### TASK BRIEF
As you print the data below, keep every line exactly as it is and leave the images behind.

### DATA SHOWN
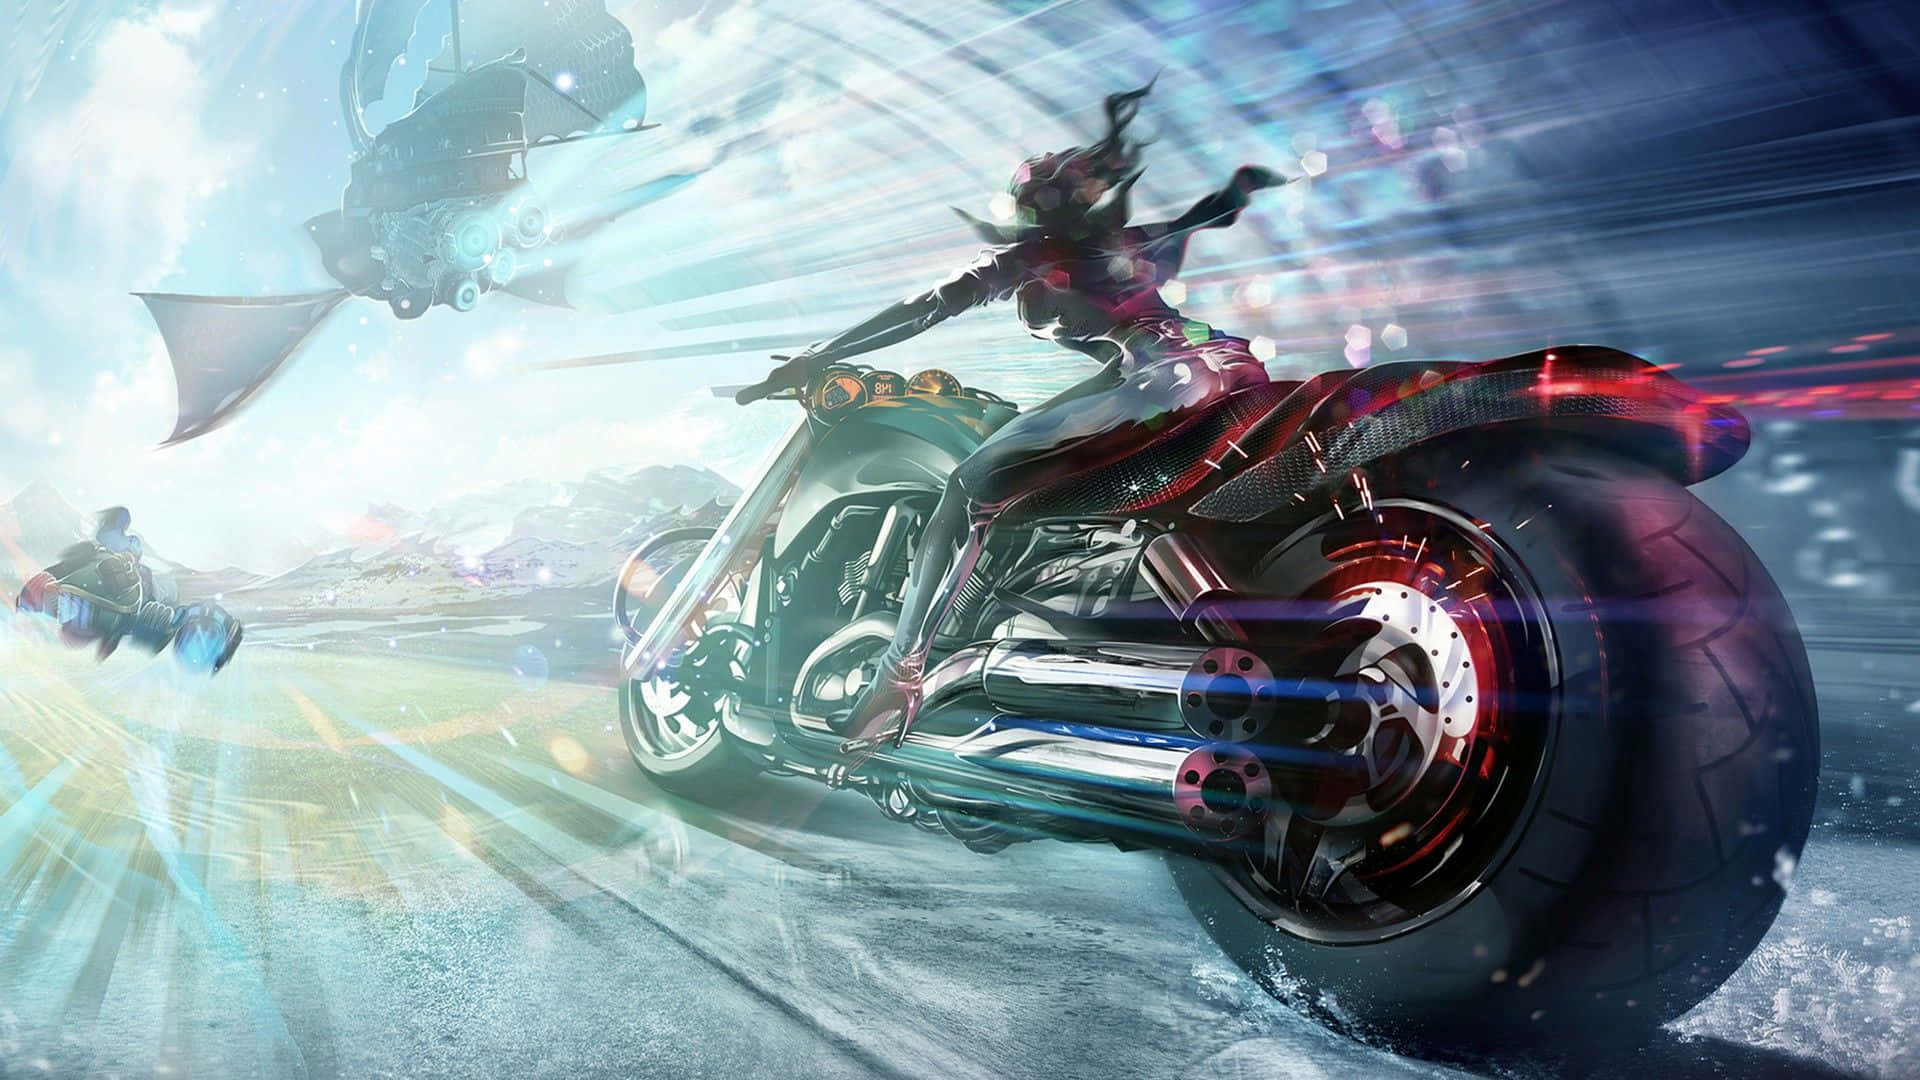 Fantasy Picture Of Motorbike Chase
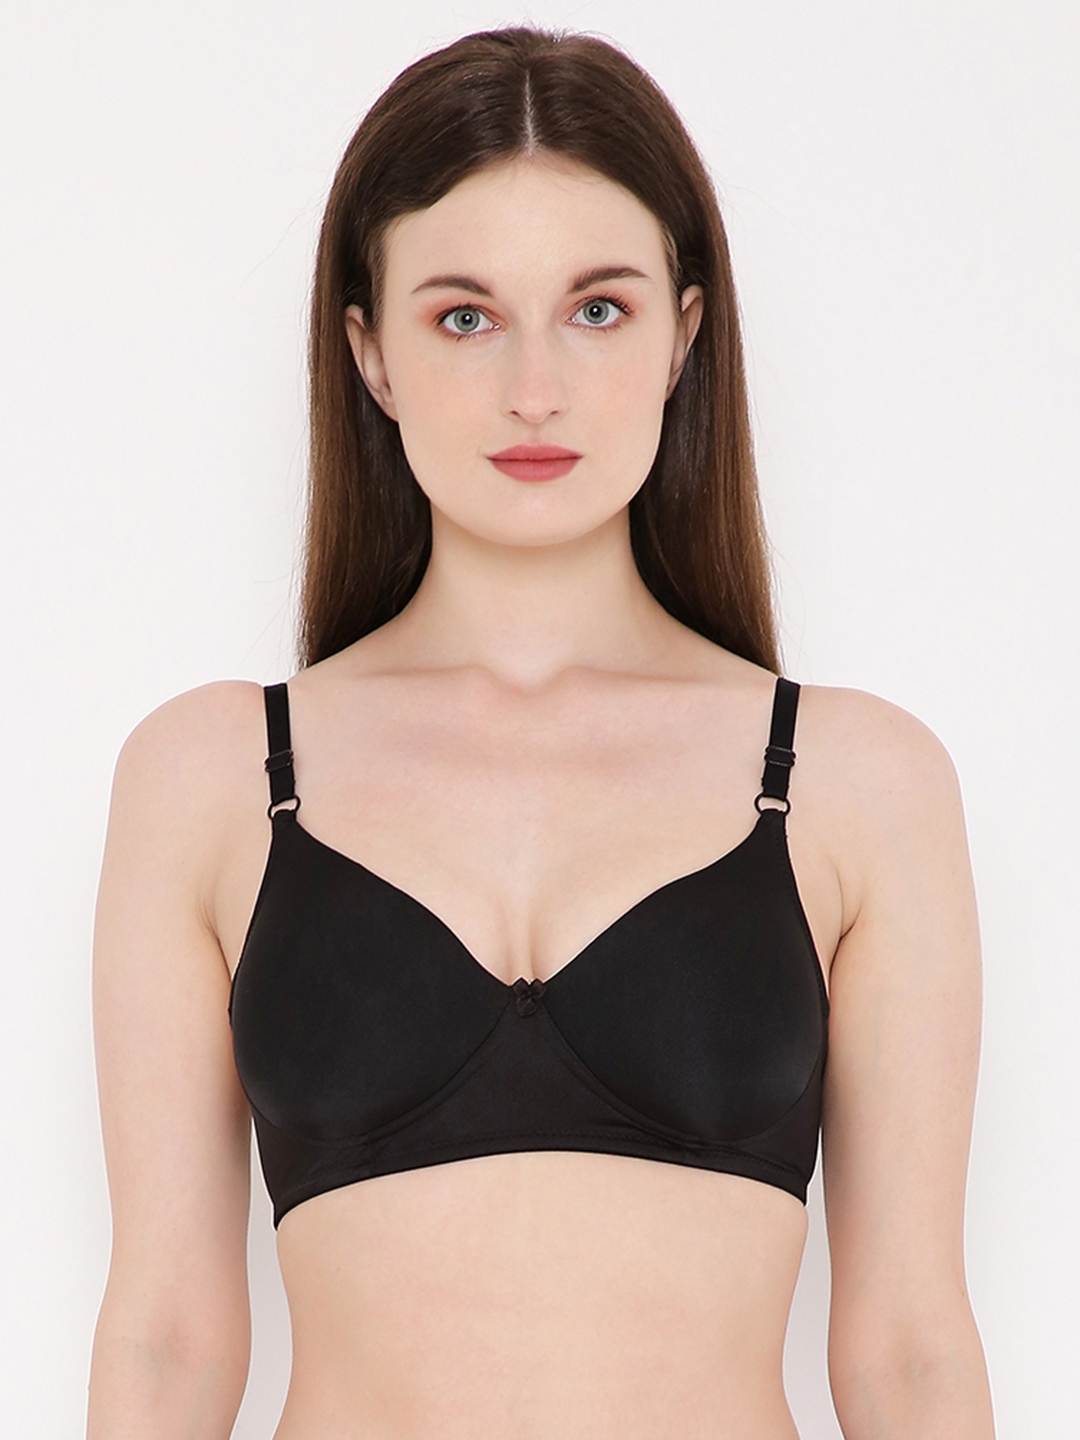 Buy Berrys Intimatess Non Wired Heavily Padded With Medium Coverage T Shirt Bra Bra For
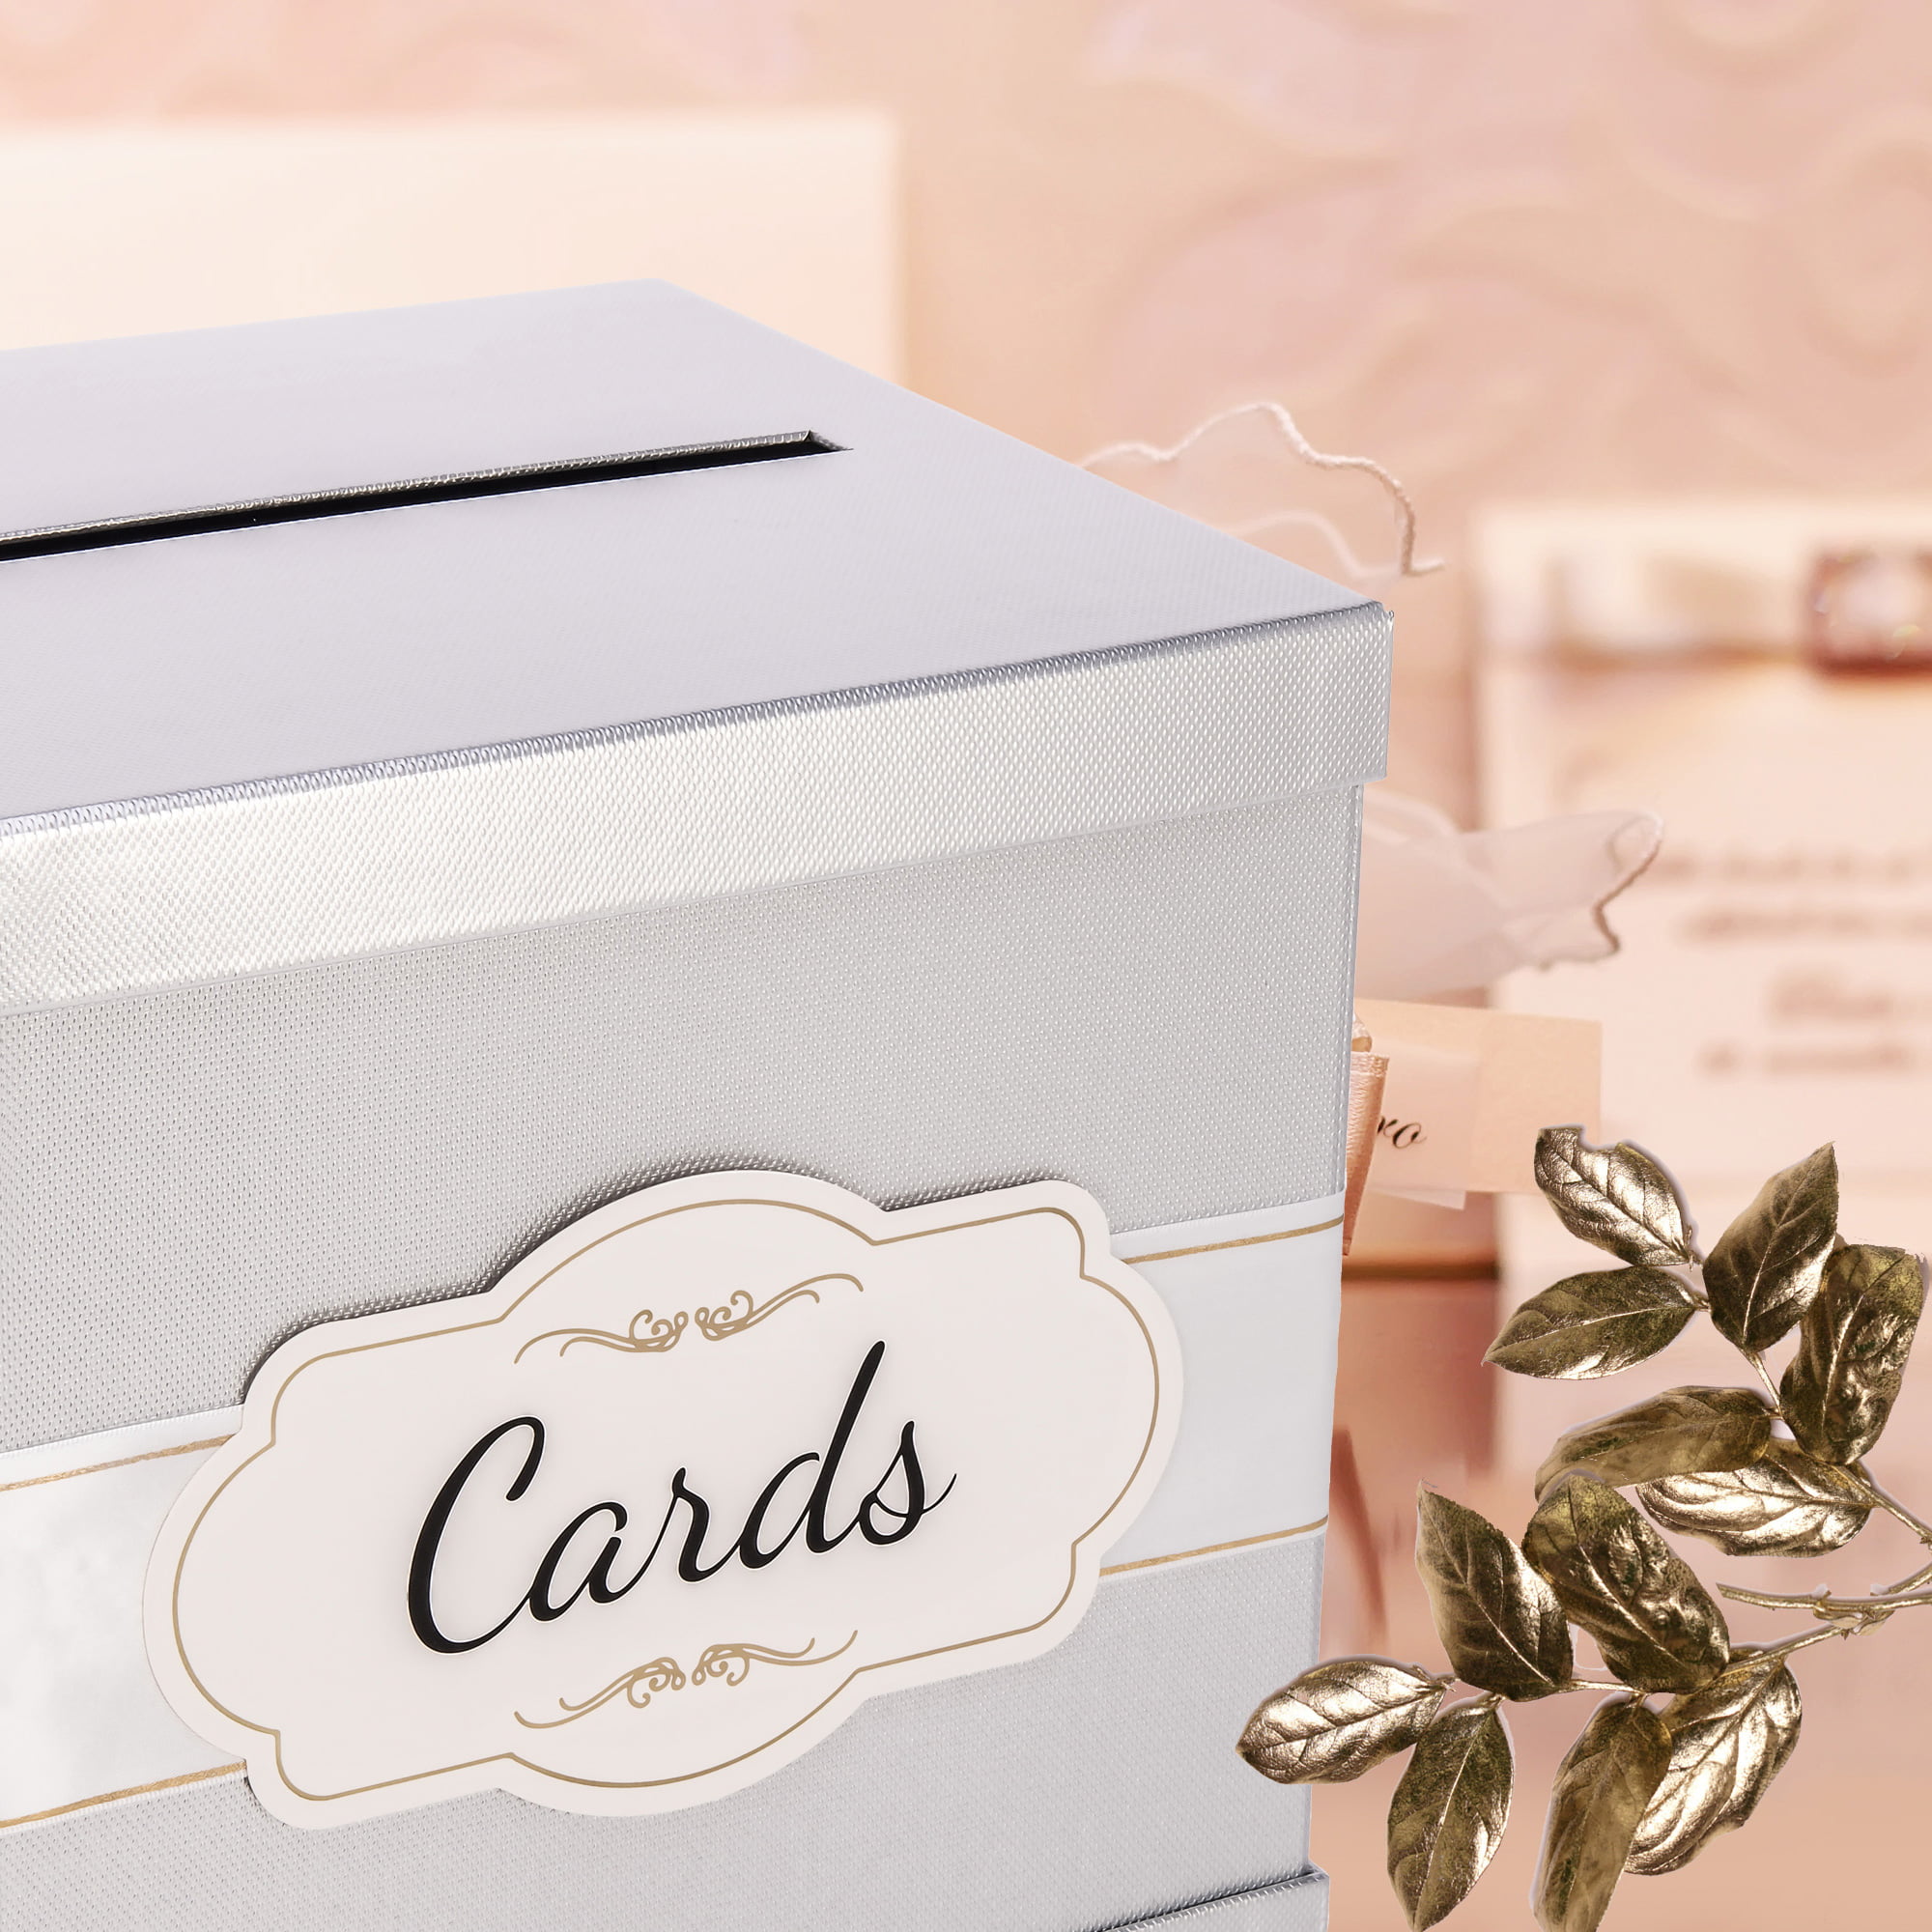 Gold Gift Card Box with White Lace and Cards Label – 10″ x 10″

### EXERCISE RESULT
 Fantasy Picture Of Motorbike Chase
 Buy Berrys Intimatess Non Wired Heavily Padded With Medium Coverage T Shirt Bra Bra For
 Gold Gift Card Box with White Lace and Cards Label – 10″ x 10″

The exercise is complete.